Rocky Start (A Rocky Start)
Page 1
Prologue
Georgie
“Are you almost done packing?” Darcy asks from the doorway at the top of the stairs.
“Go on ahead. I’ve got a couple of boxes to go through.” We’re moving out of my parents’ house because they’re selling it and relocating to Florida without us. Lydia just graduated from college, so we’ve gotten a three-bedroom apartment on the south side of Chicago near the Orange Line train station. I’m in the basement, gathering the last of the boxes with my name on them.
“Do you need any help?” she calls down.
“No. I’ve got this,” I mutter, opening a smaller accordion file folder with my name on it.
“Are you sure?”
Rolling my eyes, I answer, “I’m positive. Besides, I’m not in the mood to get another lecture right now.”
“Fine. I love you,” she adds, closing the door. My sisters are wonderful and everything perfect, too perfect if anyone asks, and can do no wrong in my parents’ eyes. I, on the other hand, feel like the proverbial middle child, the forgotten one, and worse—unloved.
The old elastic on the clasp breaks, crumbling from age. I wonder if this hasn’t been opened since it’s been put in here. I slide out multiple documents and see more than I care for. One by one, I read them. Line by line, my life becomes a lie—or rather, the truth revealed. Pain stabs me in the chest. A birth certificate, a lie.
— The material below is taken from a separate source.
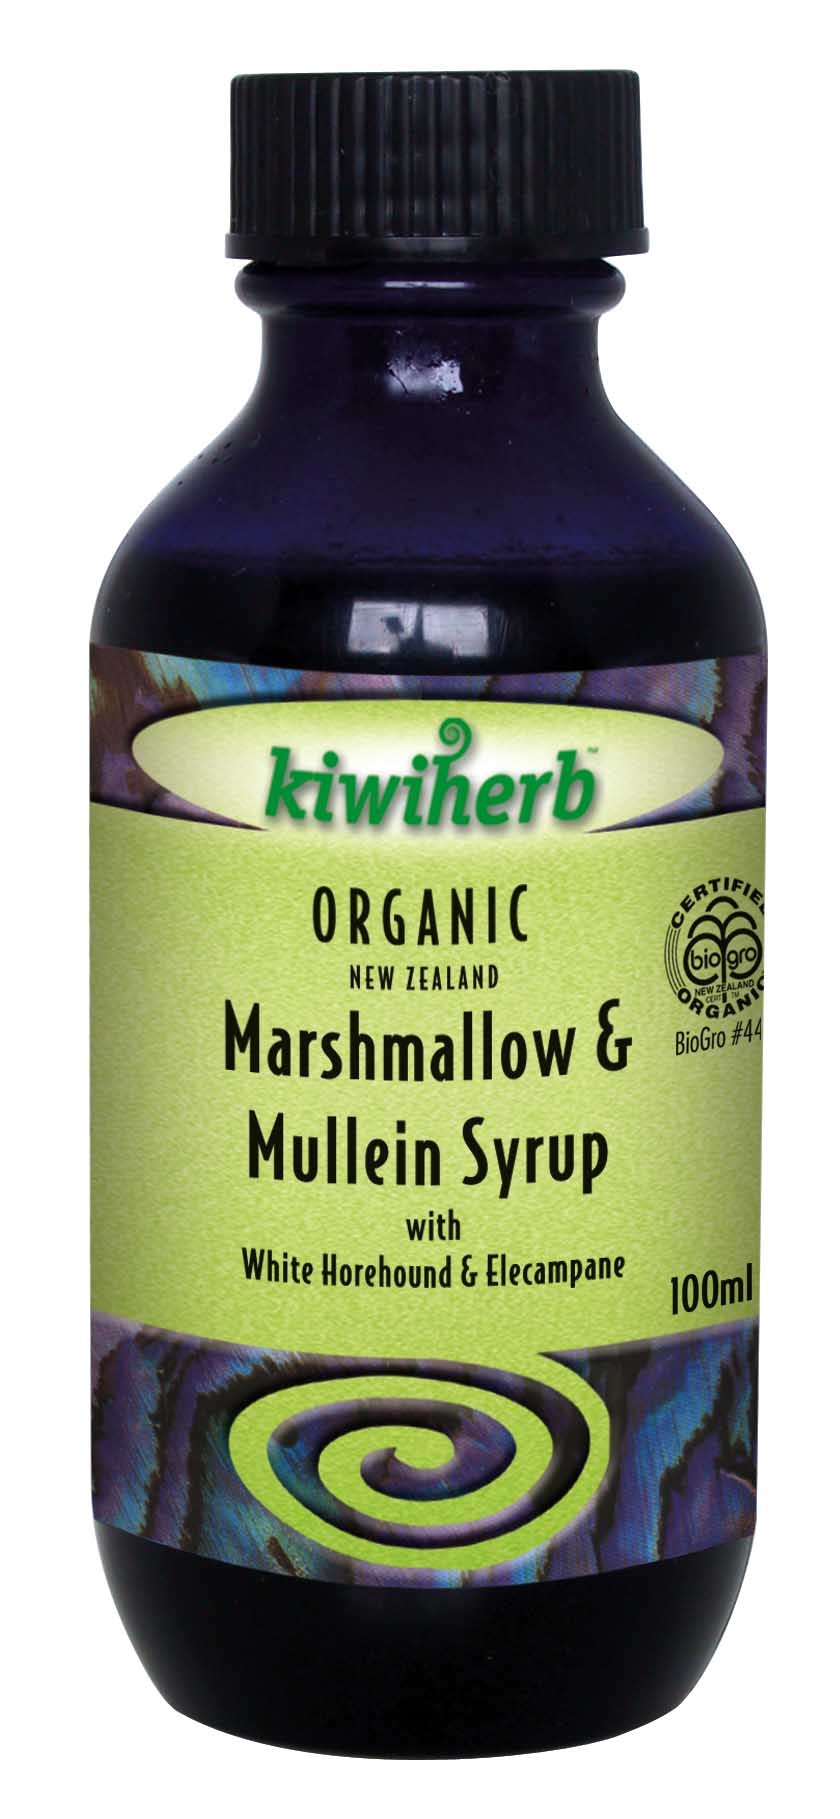 Kiwiherb Marshmallow & Mullein syrup

Georgiana Elizabeth Moore.
Georgiana Elizabeth James doesn’t even exist. I look through the rest of the documents and see the death certificate for my birth father, and I have a hundred questions.
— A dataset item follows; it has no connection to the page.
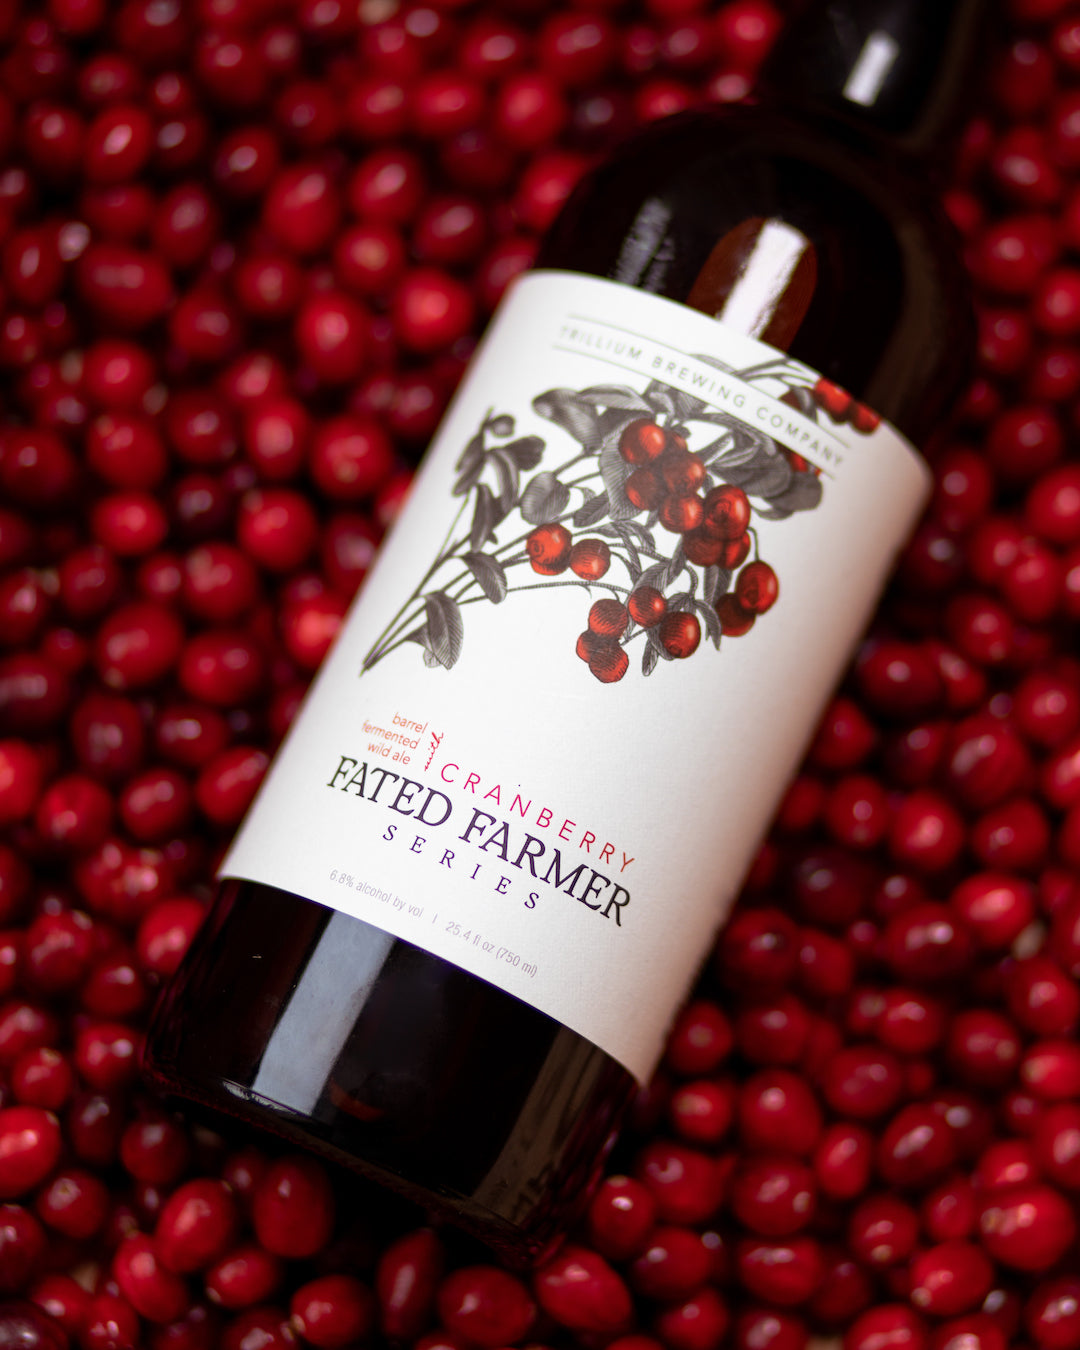 Fated Farmer: Cranberry

“Georgiana James, get your butt up here now or we’re leaving without you,” my mother shouts.
“Don’t you mean Georgiana Moore?” There is no record of adoption or name change on any documentation, so I’m not sure how or where it is, but from the gasp and the slam of the door, she understood my meaning.
Two minutes later, I hear them pull out of the driveway, and I go on looking through the documents of the lie that is my life.
Chapter One
Sean
“Are you fucking kidding me?” I slam my computer shut, running my hands through my short hair and down to my short scruff. I need a shave, but I usually don’t bother unless I have to do a press conference. It looks like I’ll have to call a special one soon.
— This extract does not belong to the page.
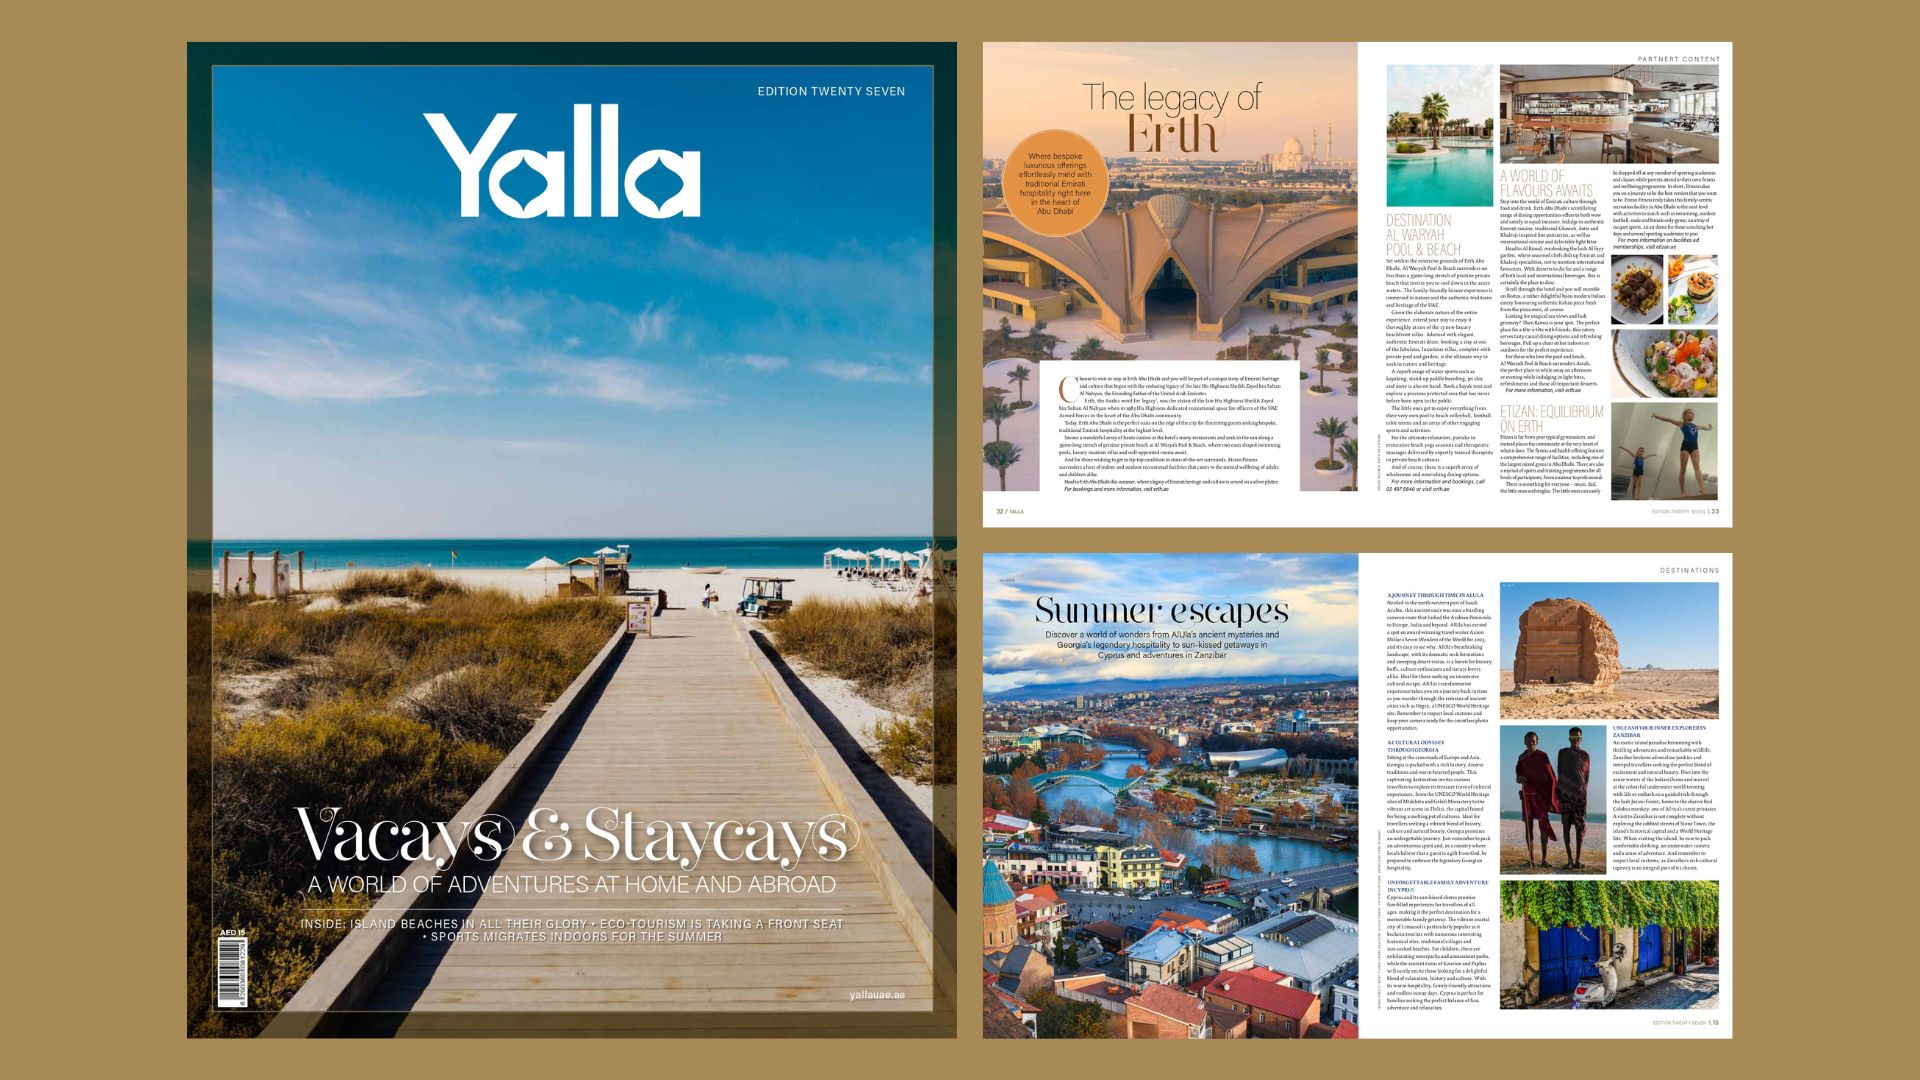 Yalla - Abu Dhabi Life Magazine edition 27

Every morning, I work out and shower before sitting down with my coffee and checking on my clients’ social media pages. I have two dozen at the present moment, and they keep me on my toes. As a literary agent and publicist, I have to be on top of everything that could damage their reputation and fix it before it ruins their careers. People slip up and say something that isn’t in vogue today but was great yesterday and it’s a shit storm of fake apologies, but this fucker takes the cake.
Opening the damn thing again, I read the heading in front of me.
According to model, Bennett Lake has been rumored to have kidnapped her.
I read the article, which is not only poorly written but also full of mistakes and lies. I know Bennett, and the man’s a fucking saint if there ever was one. Although all of his books are thrillers, the man doesn’t do anything that isn’t a hundred and ten percent moral, so there’s no way in hell he’s kidnapped a woman. After all, he’s too busy writing in his cabin at the present moment.
Who the fuck would start this kind of bullshit gossip? I’m going to have a blast suing the pants off these papers and the person responsible once I get my hands on the truth. I need to do some more digging.
Spending the next hour on my computer, I find that the press is having a field day with this. Authors don’t get this type of press unless they’re as big as Bennett, but he’s never the kind that would want anyone in his business for any reason that doesn’t have to do with the actual book itself. The man prefers his life as simple and unbothered as humanly possible, and he seems to truly be a grumpy bastard.
Tabloid rags sometimes print totally bullshit stories to drive authors’ sales, but this is a whole new level of reporting. It’s criminal if it’s true, so I need to make sure that it’s all squared away before I destroy some people.
Still, I call Bennett’s cell, which goes straight to voicemail. What a prick. He still hasn’t turned it on. First thing I need to do is call the sheriff’s department to see if I can get some information before I get on a plane and fly to Colorado and pound pavement to get the answers I need.
Calling the police station is useless as hell because they give me the fucking runaround and claim they don’t talk to reporters. “I’m not a fucking reporter. I’m his agent, and he’s not answering his cell phone.”